December 4th, 2015 7 comments

Generally, it is known what a chess player earns for playing in a tournament. The first prize is listed and the appearance fee is usually enough to cover travel and a bit more, with accommodation and food often supplied by the organisers. For lower-ladder GMs such as myself, this is frequently all that is offered, although I get £300 for one tournament I frequently play and £500 for the Danish Championship.

I have always felt blessed that people pay me to play chess. I have never been a devoted professional and the organisers are usually working for free in Northern Europe, because they like chess and the sponsors are entirely philanthropic.

But there are serious players out there as well. People who make their living from playing chess. They go from open tournament to open tournament, struggling to make ends meet.

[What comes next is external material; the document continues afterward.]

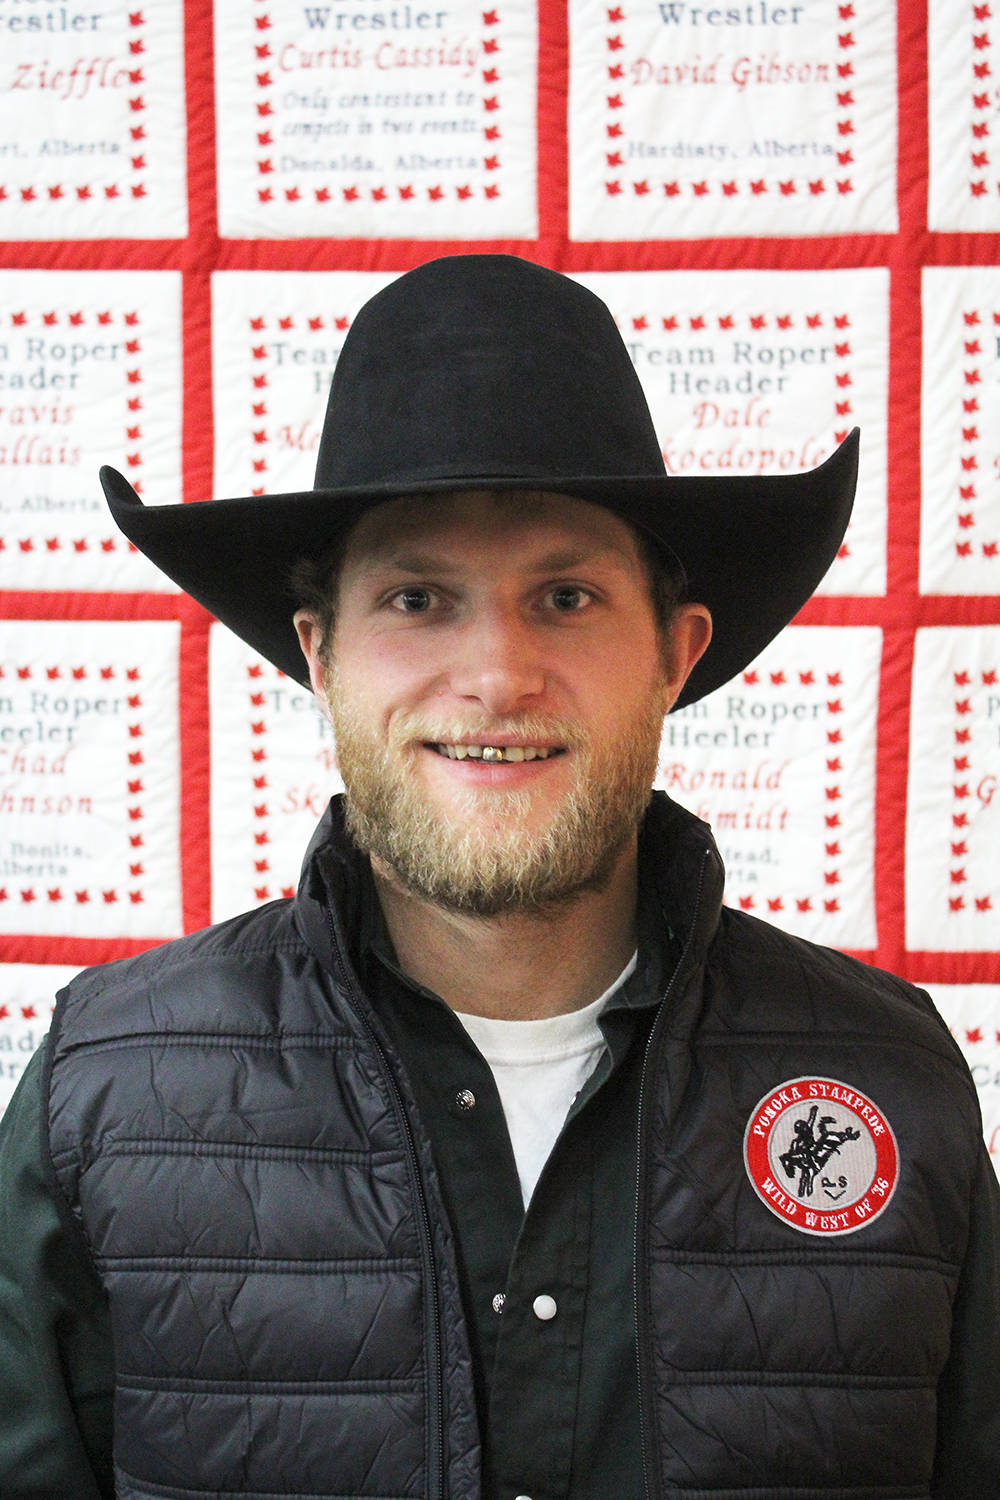 Ponoka’s Wacey Finkbeiner won the bull riding CFR title. Despite being bucked off in the final event, he had enough points to win overall.                                File photo

The best players go from this nomadic existence to a super-league of highly-paid tournaments. In his interview about Norwegian Chess, Topalov explained his relaxed attitude to chess these days as “last prize is $15,000”, which is certainly a better prize than I have ever received…

I talked to a top 20 player once, who said he got £5000 in appearance fee for his latest tournament, but rushed to tell me that this was of course very, very good. Life outside the top tournaments is doable, but it is not gilded.

But what about Magnus Carlsen, World Champion, fashion icon and national hero? Surely this must be good business? Obviously, we would never be able to find out what Anand, Kramnik and Topalov earn, as they live in countries where such information is not easily accessible. But Carlsen lives in Norway, where everything is out in the open.